Un mercado que ofrece de todo y a todos genera continuas expectativas que inducen al consumidor a vivir en un estado de insatisfacción perpetua: desea comprar y tener más. Pero curiosamente, cuanto más se multiplican las decepciones y las frustraciones de la vida privada, “más se dispara el consumismo como consuelo, como satisfacción compensatoria para levantar el ánimo”. La sobreabundancia de ofertas y el debilitamiento de los vínculos tradicionales (religión, gremio profesional, clase social, etc.) generan un estilo de vida muy particularizado e individualista en gustos, gestos y relaciones personales. Asimismo, el sentimentalismo, así como las relaciones temporales más que las de largo plazo o las de toda la vida, ganan espacio e incrementa el ejército de solitarios que caracteriza a las grandes ciudades, en proporción directa con el incremento de las mascotas. Y no podía ser de otro modo, dado que hemos depositado “en el otro esperanzas tremendas, pero el otro se nos escapa, no lo poseemos, cambia y nosotros cambiamos” (p. 39).

 

La democracia tiene, también, su punto de consagración y de desencanto. Consagración en primer lugar, tanto en el terreno externo, tras la caída de su gran rival, el comunismo; como en el campo interno al eliminar las pasiones nacionales y los arranques revolucionarios. Los derechos humanos, de igual modo, se han impuesto como el referente inamovible de cualquier pretensión que intente afincarse en la vida social. Pero también hay desencanto y es en este ámbito en donde se puede apreciar “la fórmula químicamente pura del individualismo hipermoderno: amplio desinterés por la política y dedicación a las alegrías privadas” (p. 65).

 

Lipovetsky no considera que el fin de la edad de oro de lo político tenga que lamentarse, dado que entiende que hay más proyectos que pueden alumbrar la existencia humana: “la creación, la investigación científica, los descubrimientos científicos y técnicos, la búsqueda de la felicidad individual. No estamos condenados a desilusionarnos porque se hayan agotado los grandes proyectos mesiánicos (…) El fin de la historia no se producirá esta semana, pues la historia no es únicamente política: los asuntos que construirán el futuro (la educación, la relación entre los sexos, el trabajo, la vida cotidiana, etc.) no dejarán de inventarse y reinventarse” (p. 81).

 

La espiral de la decepción que recorre la sociedad contemporánea no es nada halagüeña. El cambio del homo politicus al homo felix ha dado origen a una sociedad satisfecha, pero débil.

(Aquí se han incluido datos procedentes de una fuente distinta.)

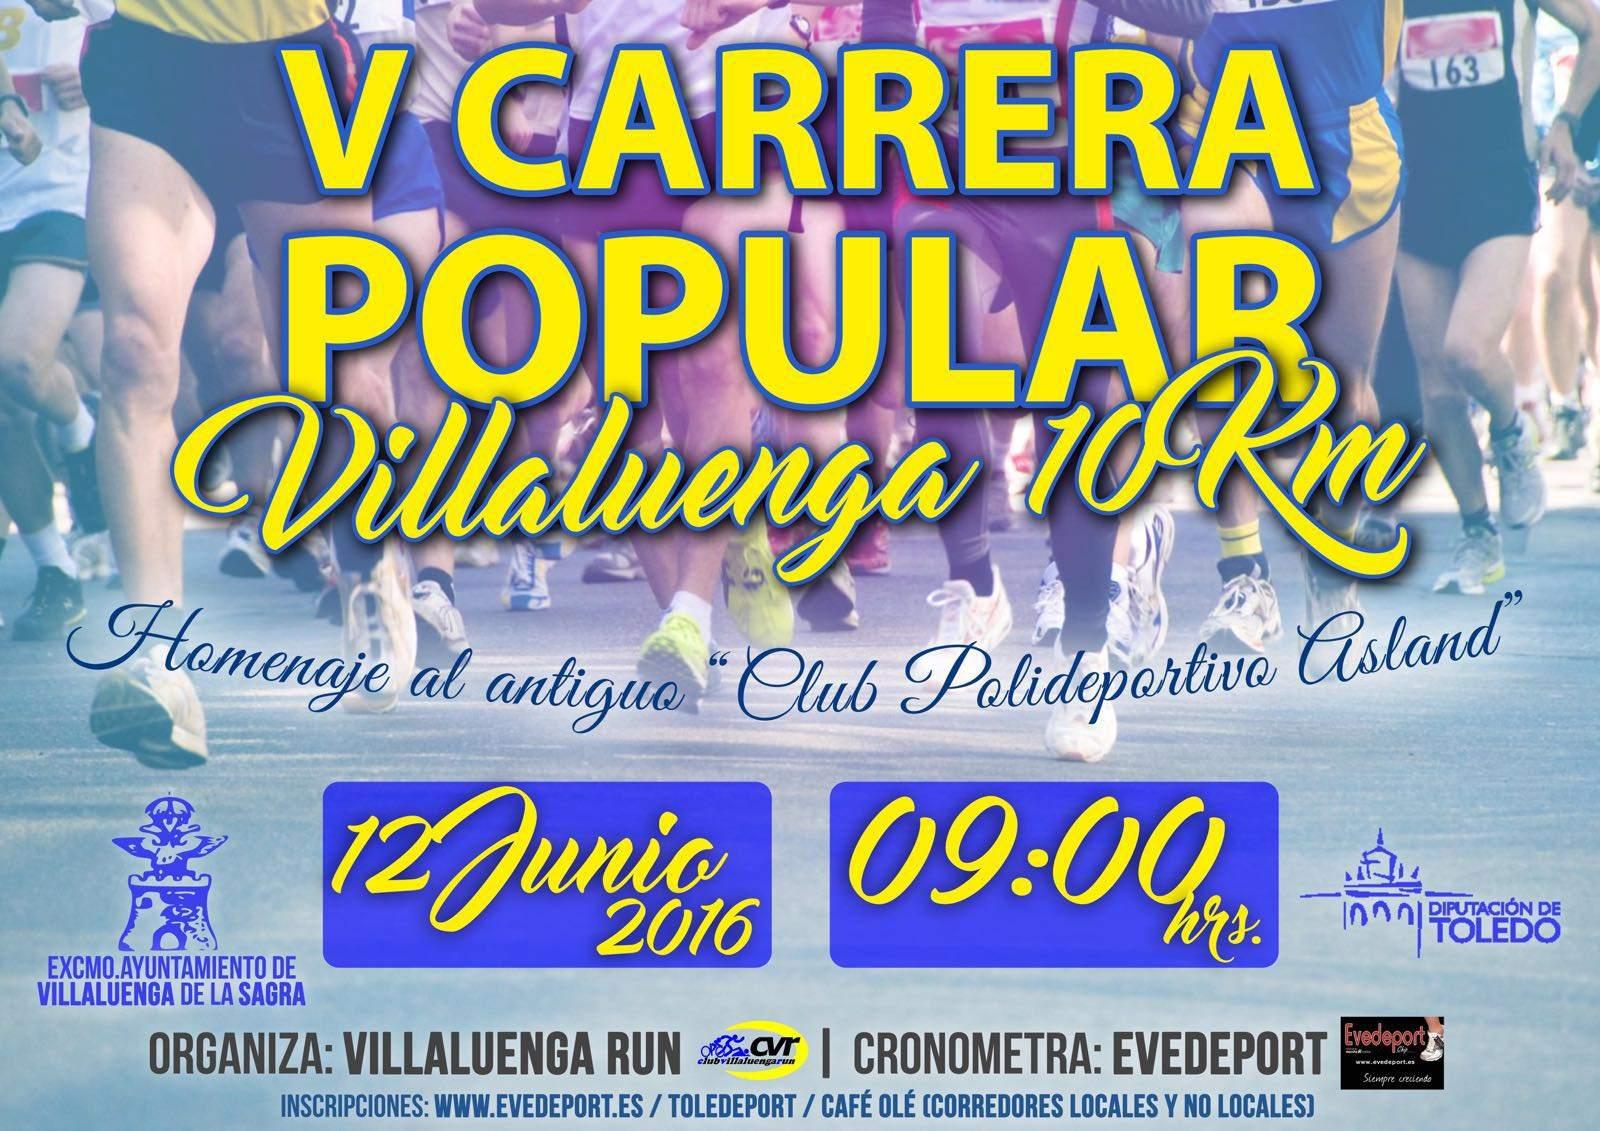 V CARRERA POPULAR VILLALUENGA DE LA SAGRA - Inscríbete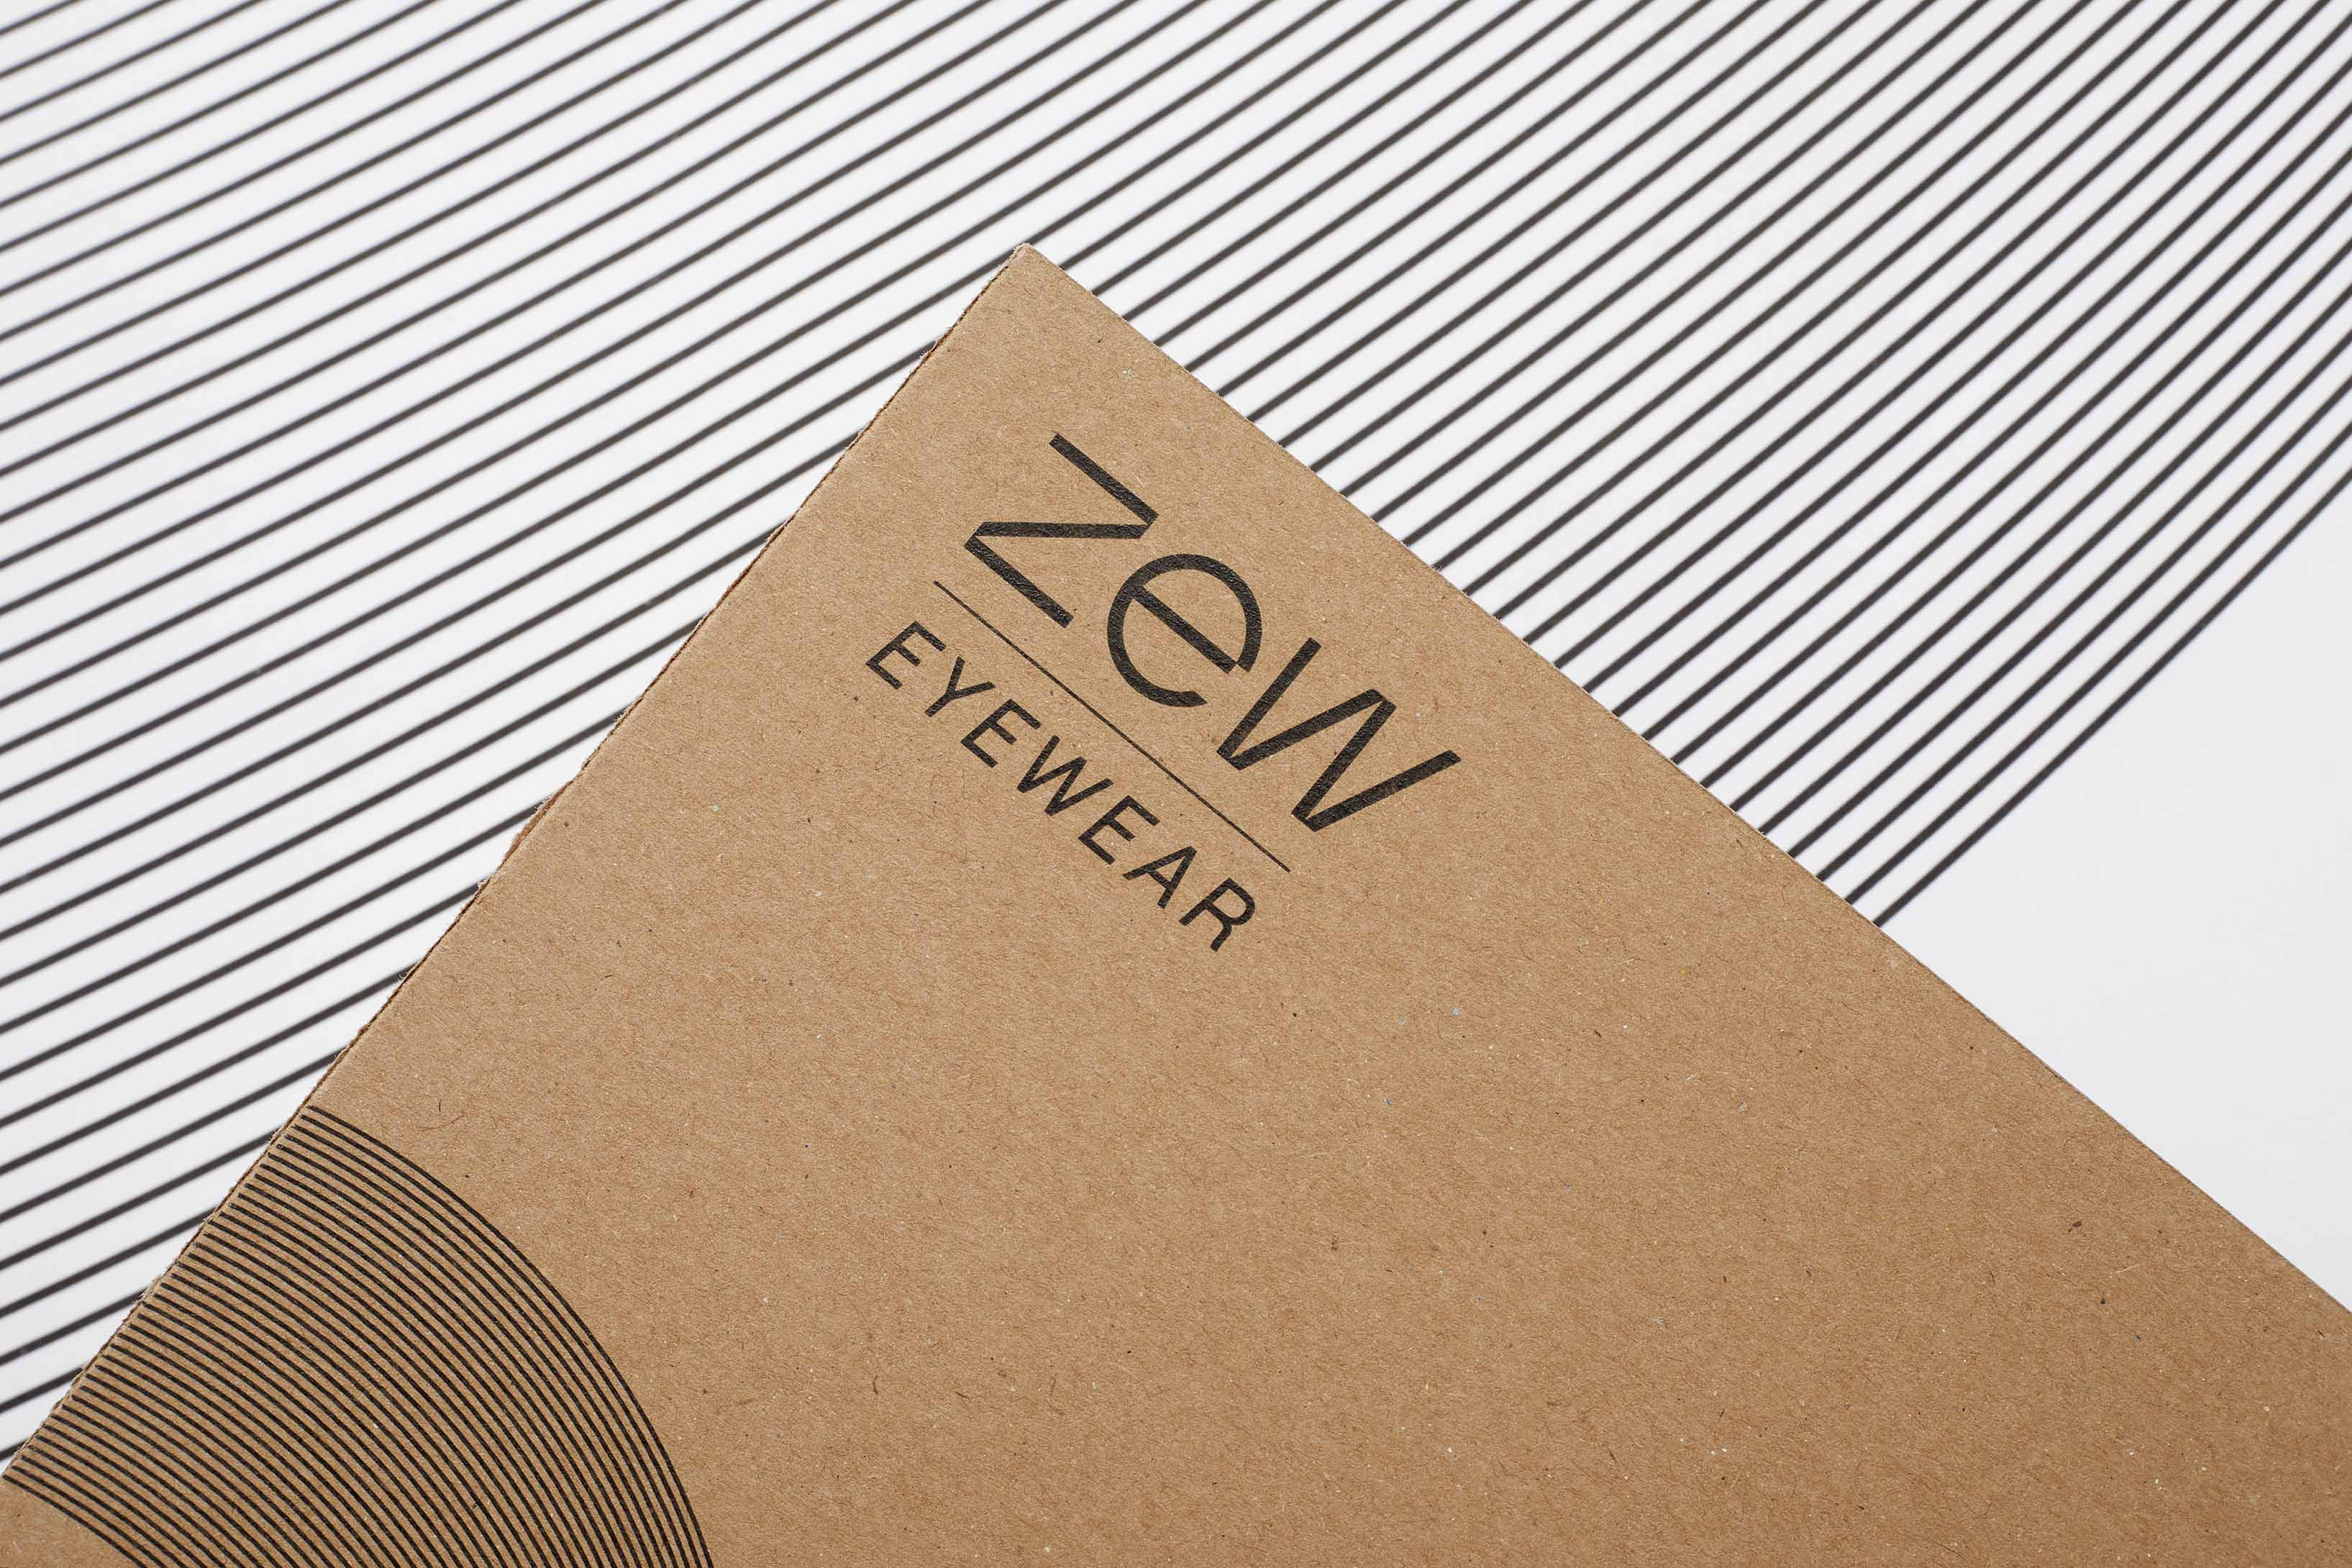 ZEW_Veronika_Rut_Novakova_Design_05

No se trata ya de cambiar el mundo, basta con viajar, hacer deporte y huir de las enfermedades. Y ante la insatisfacción e infelicidad que tarde o temprano llega, la sociedad de consumo presenta su receta: consume otras cosas, busca distraerte. Su farmacopea no da para más.

 

Lipovestky es consciente de esta limitación y aun cuando rehúye a todo moralismo, entiende que debe reducirse la pasión consumista, “no porque sea el mal, sino porque es excesivo o exagerado y no puede satisfacer todos los deseos humanos, que no son sólo deseos de goce inmediato. Conocer, aprender, crear, inventar, progresar, ganar autoestima, superarse, figuran entre los muchos ideales o ambiciones que los bienes comerciales no pueden satisfacer. El hombre no es sólo un ser comprador, también es un ser que piensa, crea, lucha y construye” (p. 123).

 

El análisis de la hipermodernidad que Lipovetsky hace es agudo y sugerente y aquí está su mejor acierto. Formado en un talante liberal se encuentra cómodo en una sociedad que privilegia el espíritu libertario de la gente, pero observa que faltan los referentes de sentido: la fragmentación a la que lleva el consumo no es sostenible en el largo plazo. Queda una larga tarea que en parte corresponde a la educación y en parte al gobierno, a fin de abrir horizontes que amplíen los intereses y pasiones de la gente, volviendo a poner puntales de referencia intelectual desde una perspectiva verdaderamente humanista. Es de esperar que las investigaciones de Lipovetsky continúen en esta línea para salir de esta fiebre del hiperconsumo.